Un débat familier refait surface autour de Cloudflare, le réseau de diffusion de contenu qui propose un service gratuit permettant de protéger les sites Web contre les attaques par déni de service en masquant leurs hôtes : Cloudflare est-il un bastion de la liberté d’expression ou un facilitateur du spam, de la diffusion de malware, du harcèlement et des attaques DDoS qu’il prétend bloquer ?
La controverse n’est pas nouvelle pour Cloudflare, un opérateur de réseau qui a souvent adopté une approche laxiste en matière de modération du volume immense de trafic circulant à travers son infrastructure. Avec Cloudflare aidant à diffuser 16 pour cent du trafic Internet mondial, traitant 57 millions de requêtes web par seconde, et servant entre 7,6 millions et 15,7 millions de sites Web actifs, sa décision de servir presque tous les acteurs, indépendamment de leur comportement, a été sujette à de vifs désaccords. De nombreux défenseurs de la liberté d’expression et de la neutralité d’Internet applaudissent cette posture, tandis que ceux qui luttent contre la criminalité et le harcèlement en ligne la considèrent comme problématique.
Neutralité du contenu ou facilitation des abus ?
Spamhaus—une organisation à but non lucratif fournissant des listes de blocage pour freiner l’expansion du spam, du phishing, des malwares et des botnets—est devenue la dernière à critiquer Cloudflare. Mardi, le projet a indiqué que Cloudflare fournissait des services pour 10 % des domaines figurant sur sa liste de blocage et, jusqu’à présent, dessert des sites faisant l’objet de plus de 1 200 plaintes non résolues concernant des abus.
Le message de Spamhaus a souligné à quel point il est facile et courant de trouver des sites web protégés par Cloudflare qui font ouvertement la promotion de services tels que l’hébergement à toute épreuve pour les cybercriminels.

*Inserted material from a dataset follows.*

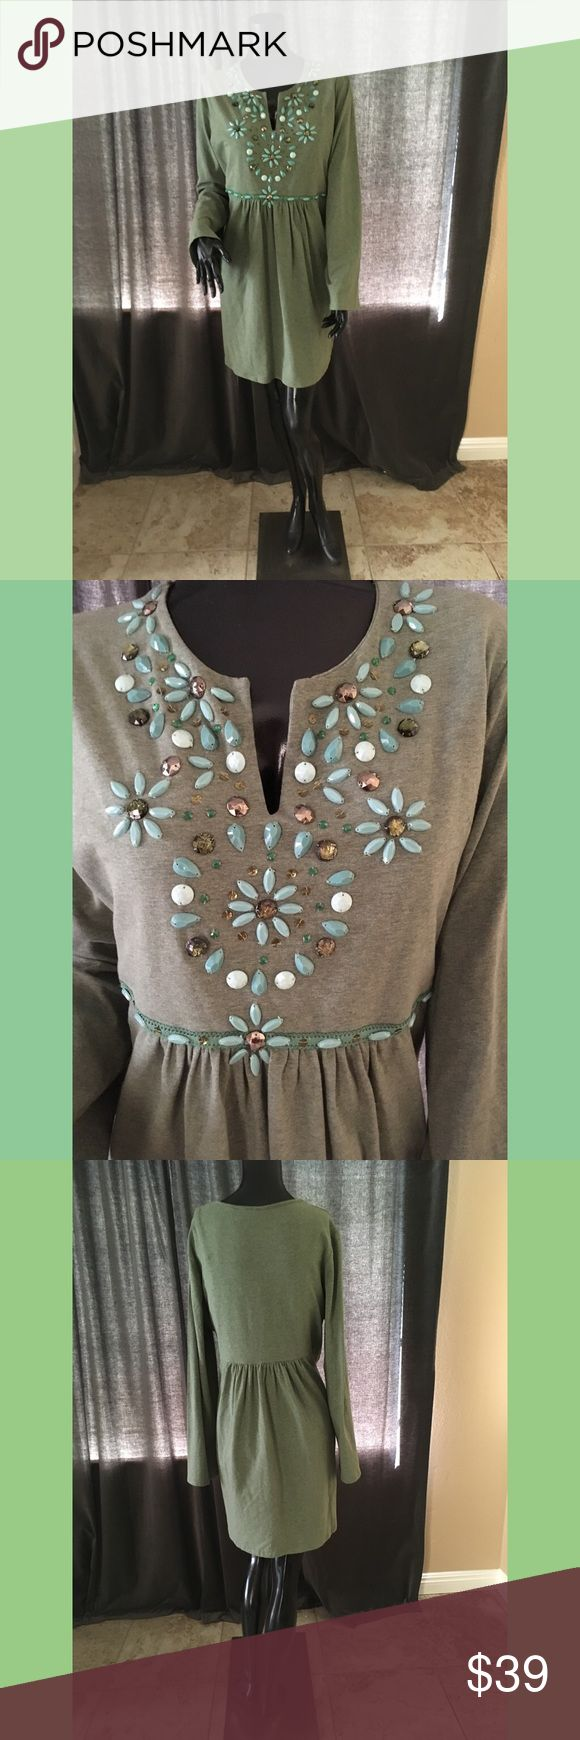 Long-sleeved, embellished tunic dress Green, long-sleeved tunic dress with jewel and sequin embellishment on front. Diane Gilman Dresses Long Sleeve

« Depuis des années, Spamhaus a observé des activités abusives facilitées par les divers services de Cloudflare », ont écrit des membres de Spamhaus. « Les cybercriminels ont exploité ces services légitimes pour masquer leurs activités et renforcer leurs opérations malveillantes, une tactique référencée sous le terme living off trusted services (LOTS). »
Cloudflare a toujours soutenu qu’il n’est pas en mesure de modérer ou de surveiller le contenu ou le comportement des personnes utilisant ses services de “passage”, qui utilisent simplement le vaste réseau de Cloudflare pour faciliter la livraison et prévenir les pannes causées par des DDoS. Contrairement à un hébergeur, la société ne stocke pas le contenu, et contrairement aux sites médiatiques et aux moteurs de recherche, elle ne doit pas être tenue responsable d’analyser les rapports d’abus.
« Tout le monde bénéficie d’une infrastructure Internet bien fonctionnelle, tout comme d’autres infrastructures physiques, et nous croyons que les services d’infrastructure devraient généralement être offerts de manière neutre en matière de contenu », déclare la page de politique d’abus de Cloudflare. « Cela est particulièrement vrai pour les services protégeant les utilisateurs et les clients contre les cyberattaques. »
Cette politique a irrité les critiques, qui affirment qu’elle décharge Cloudflare de la responsabilité qu’il assume en rendant le contenu et les services nuisibles facilement accessibles. Un bon exemple est Brian Krebs, le journaliste de sécurité derrière KrebsOnSecurity. En 2016, son site s’est effondré, et c’était à l’époque l’une des plus grandes attaques DDoS de l’histoire. Lorsque Cloudflare a proposé à Krebs une protection gratuite peu après le début des attaques, le journaliste a décliné cette offre.
« Cette attaque DDoS a eu lieu peu de temps après que j’ai passé beaucoup, beaucoup de mois à écrire sur les services DDoS à la demande et combien d’entre eux étaient concentrés sur Cloudflare, puis je me fais frapper par la plus grande attaque DDoS que l’Internet ait jamais connue », a déclaré Krebs à LesNews. « J’étais vraiment reconnaissant pour cette offre. C’était une période difficile. En y réfléchissant, j’ai décidé que leur tolérance envers les services DDoS à la demande sur leur propre site me faisait vraiment hésiter. À ce moment-là, je ne savais même pas qui m’avait attaqué ou ce qui m’avait frappé. Il n’était pas clair pour moi s’ils faisaient partie du problème ou de la solution. »
Personnellement, je trouve fascinant de suivre l’évolution de ces débats autour de la responsabilité des plateformes, surtout dans un monde numérique où le bon et le mauvais peuvent être étroitement entremêlés. Il est essentiel que nous, en tant qu’internautes, restions vigilants sur les pratiques des entreprises comme Cloudflare et leur impact sur la sécurité et la liberté d’expression sur le web.